# [INFORMATION PROVIDED]

----------------

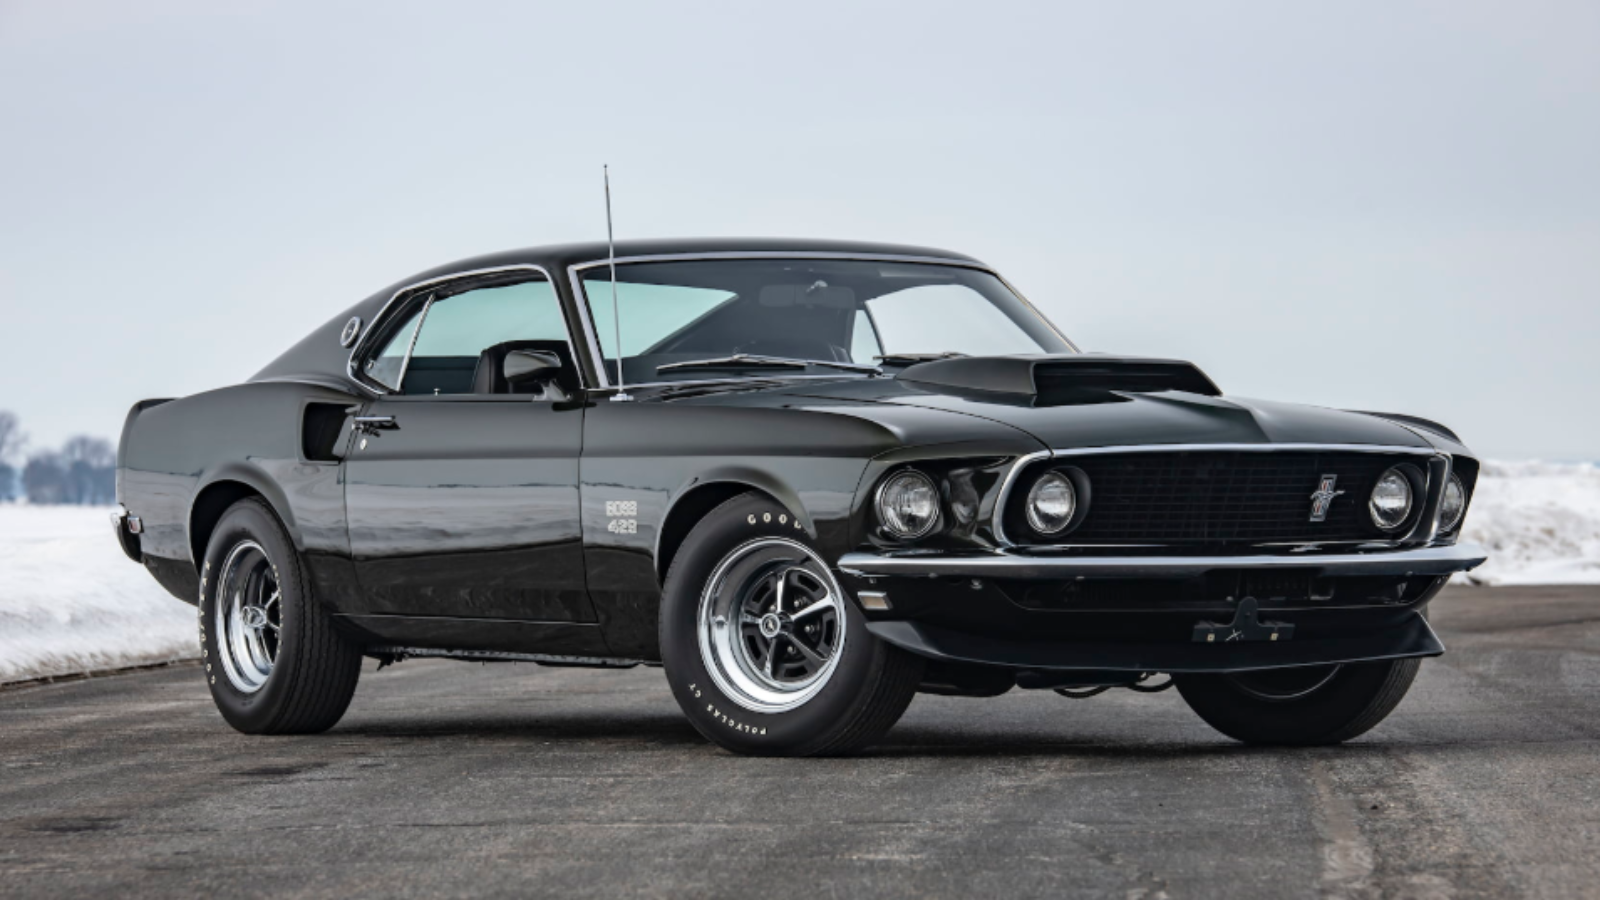 1969 Mustang BOSS 429 is a Stunning Fastback | Themustangsource
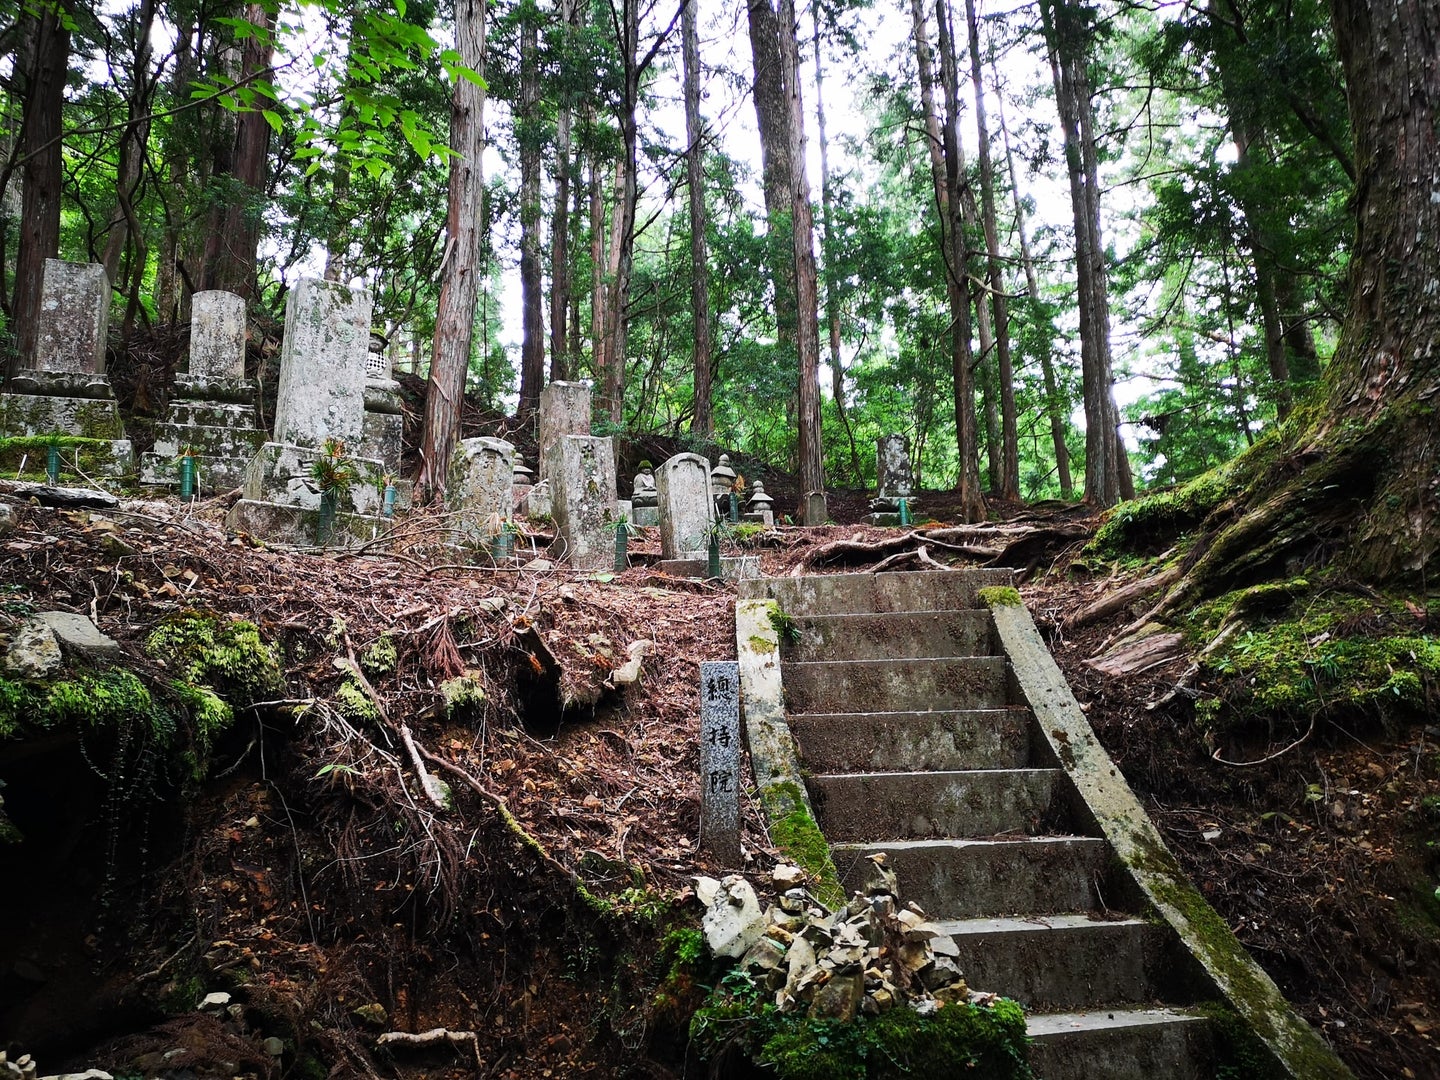 Tree-line tombstones with Japanese characters
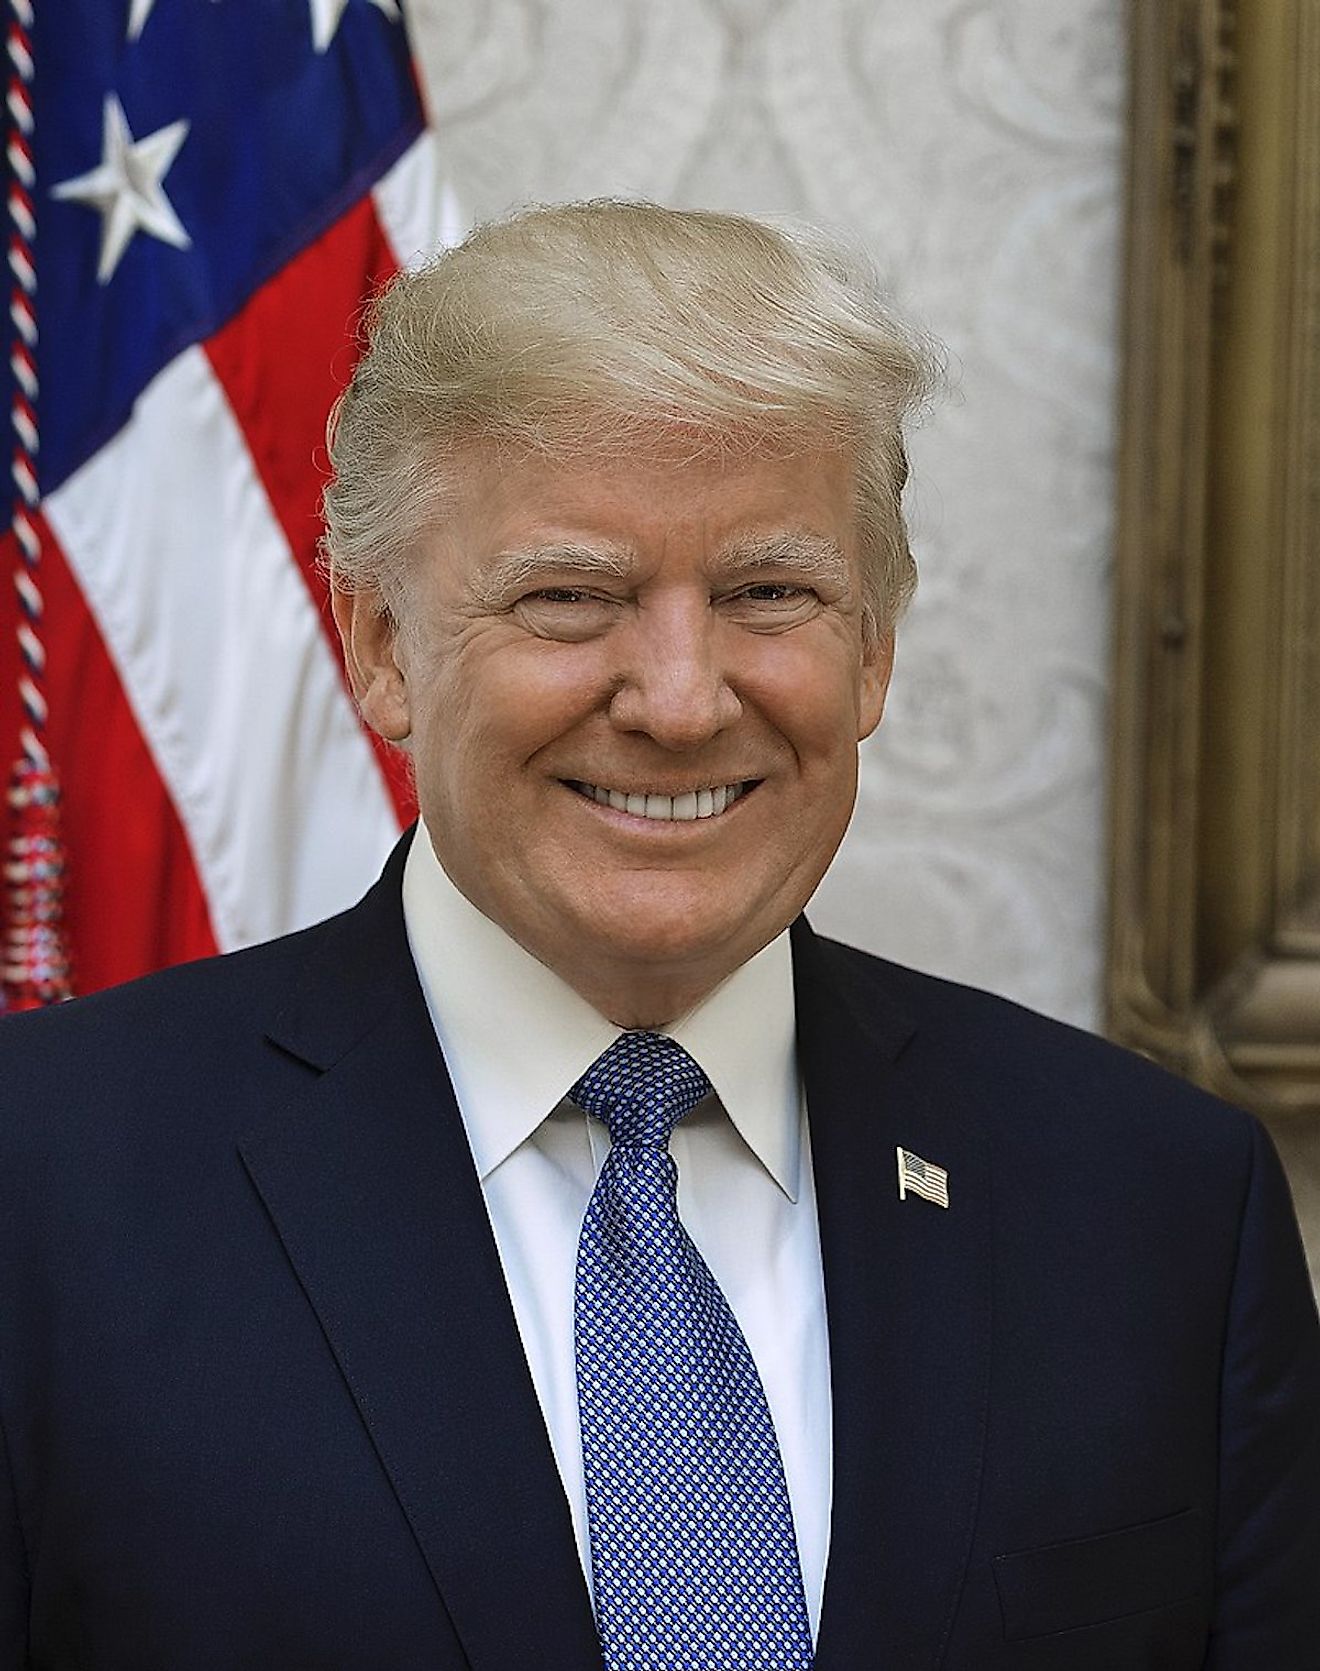 Official White House portrait of President Donald J. Trump taken by Shealah Craighead on October 6, 2017 in Washington, D.C.
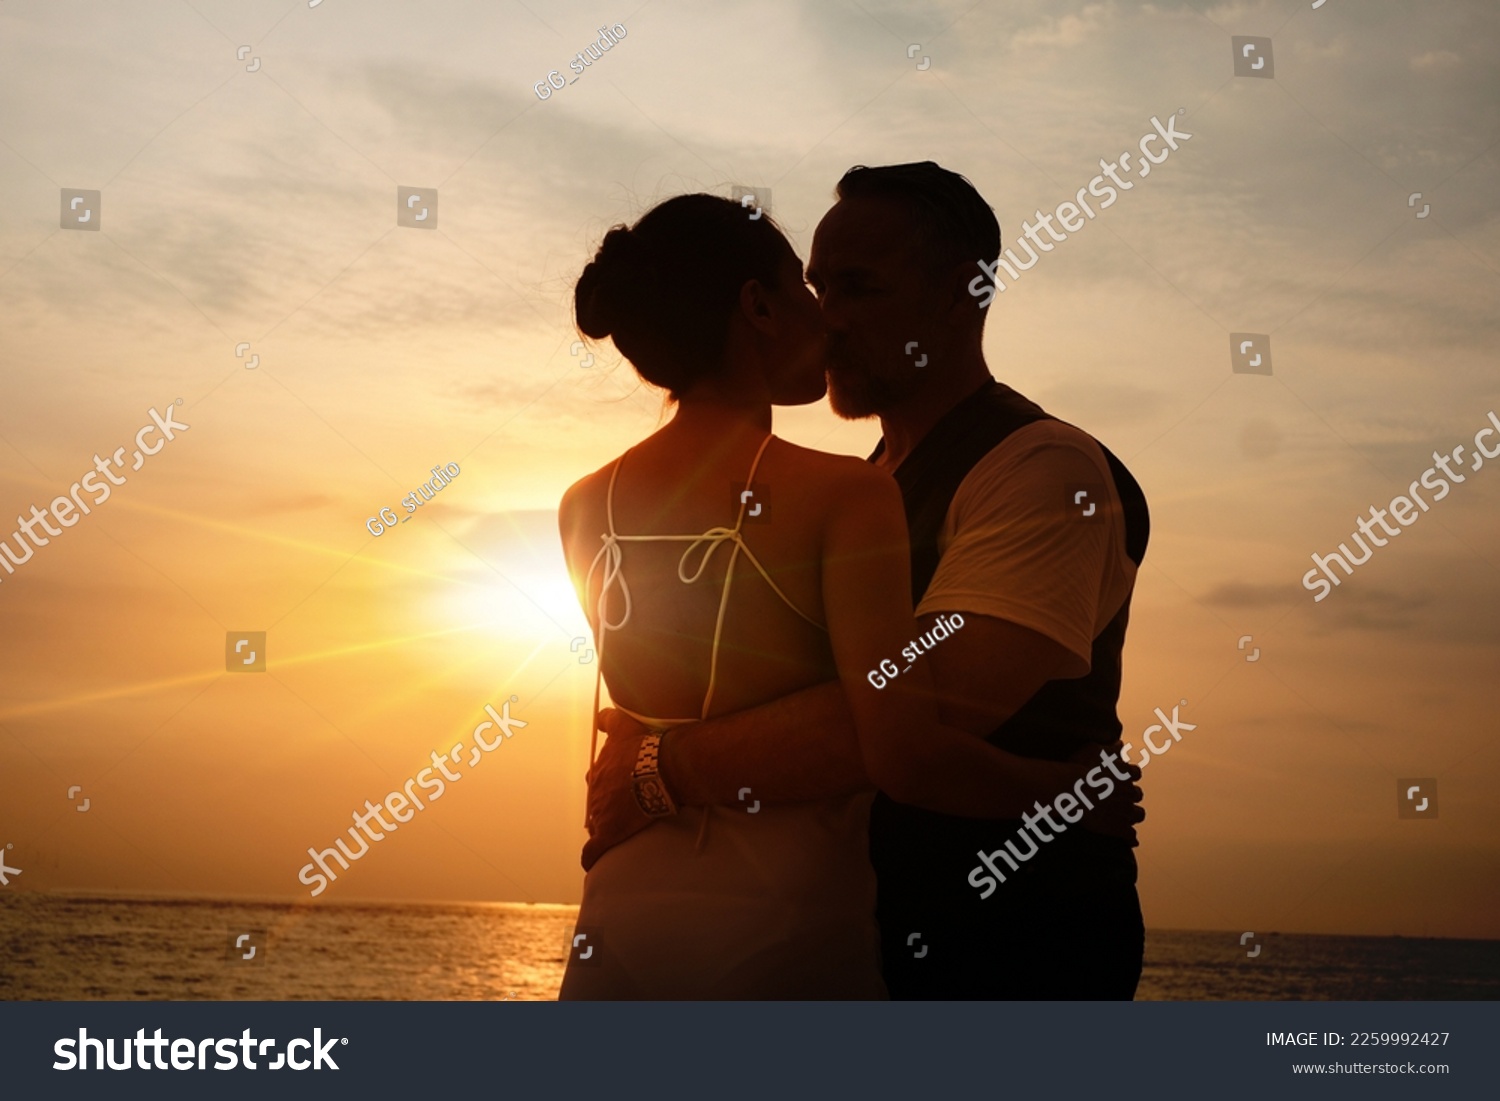 Senior business man and his wife hugging and kissing on celebration event at the yacht deck,Silhouette romance scene marriage anniversary over sunset, luxury and happiness moment #2259992427

----------------

# [WORK TASK]
Your answer should set down the listing verbatim and leave out its images.

# [EXERCISE SOLUTION]
 1969 Mustang BOSS 429 is a Stunning Fastback | Themustangsource
 Tree-line tombstones with Japanese characters
 Official White House portrait of President Donald J. Trump taken by Shealah Craighead on October 6, 2017 in Washington, D.C.
 Senior business man and his wife hugging and kissing on celebration event at the yacht deck,Silhouette romance scene marriage anniversary over sunset, luxury and happiness moment #2259992427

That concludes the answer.